In questo contesto, oltre ai tradizionali strumenti per la capitalizzazione, un ruolo chiave lo rivestono le forme di aggregazione tra imprese e in particolare le reti di impresa, cui Confindustria già da tempo dedica forte attenzione. L’aggregazione in rete è, infatti, in grado di sostenere il processo di digitalizzazione delle imprese manifatturiere grazie ad alcuni vantaggi specifici, quali:

  • la capacità di “fare massa critica” per modernizzare la propria dotazione tecnologica e migliorare le competenze del personale coinvolto;
  • la possibilità di condividere standard, linee guida, strumenti e un linguaggio comune;
  • la condivisione delle risorse umane necessarie per adeguarsi ai nuovi standard;
  • l’opportunità di sviluppare soluzioni innovative nel campo dell’informatizzazione dei prodotti e dei processi specifici per la realizzazione del programma comune di rete;
  • la possibilità di sviluppare manualistica comune e formazione comune per il personale delle aziende della rete.
  • Infrastrutture di rete

Industria 4.0 necessita di infrastrutture di rete affidabili e veloci che possano sostenere sul territorio la diffusione delle tecnologie digitali.
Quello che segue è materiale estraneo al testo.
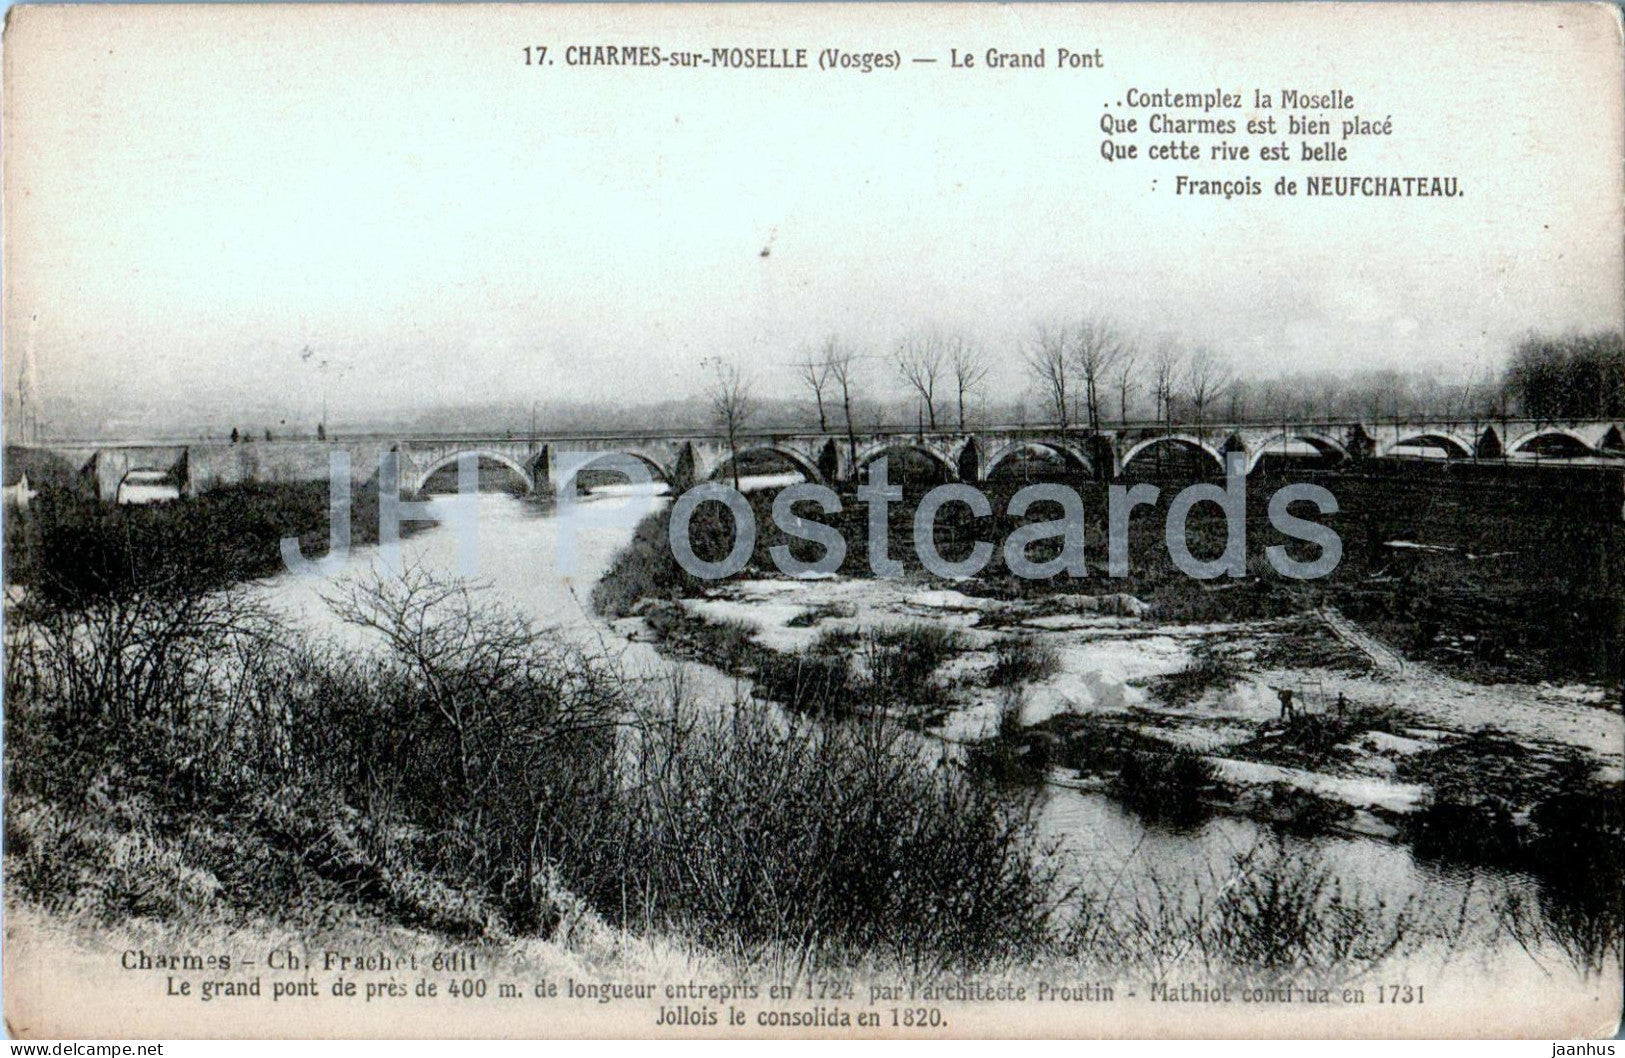 Charmes sur Moselle - Le Grand Pont - bridge - 17 - old postcard - 1915 - France - used - JH Postcards

È, quindi, strategico indirizzare gli investimenti del Piano di Diffusione della Banda Ultra-Larga, soprattutto verso le aree e i distretti industriali, molti dei quali sono oggi classificati come aree a (totale o parziale) fallimento di mercato. Pertanto, occorre colmare questo ritardo per evitare che la carenza di infrastrutture di comunicazione a BUL sia un ostacolo decisivo alla crescita della manifattura italiana.

  • Industria 4.0 e l’UE: standard, interoperabilità e sicurezza

Il tema degli standard, in particolare, riveste assoluta importanza per lo sviluppo di Industria 4.0. Esso, infatti, è lo strumento in grado di garantire l’interazione effettiva M2M, Bene-prodotto, impresa-impresa, assicurando all’informazione (che costituisce il fattore produttivo chiave di Industria 4.0) di essere raccolta, analizzata, gestita e trasmessa. 

Da questo punto di vista, è fondamentale collaborare alla definizione di protocolli e standard condivisi a livello europeo che assicurino la piena interoperabilità tra soggetti e processi, avvalendosi delle competenze di enti di normazione come ISO, CEN, UNI. Si tratta di un profilo cruciale sia per promuovere l’effettiva integrazione delle filiere produttive, sia per evitare eventuali posizioni di vantaggio competitivo all’interno del mercato interno di beni e servizi. 

Infine, occorrerà un impegno massivo sul fronte della sicurezza dei dati – personali e industriali – e delle reti (cyber security). Su questi temi, è importante avviare una riflessione finalizzata, da un lato, a garantire la tutela delle informazioni; dall’altro, assicurare la giusta flessibilità e la velocità dell’informazione che sostengono l’architettura di un processo produttivo di tipo Industria 4.0.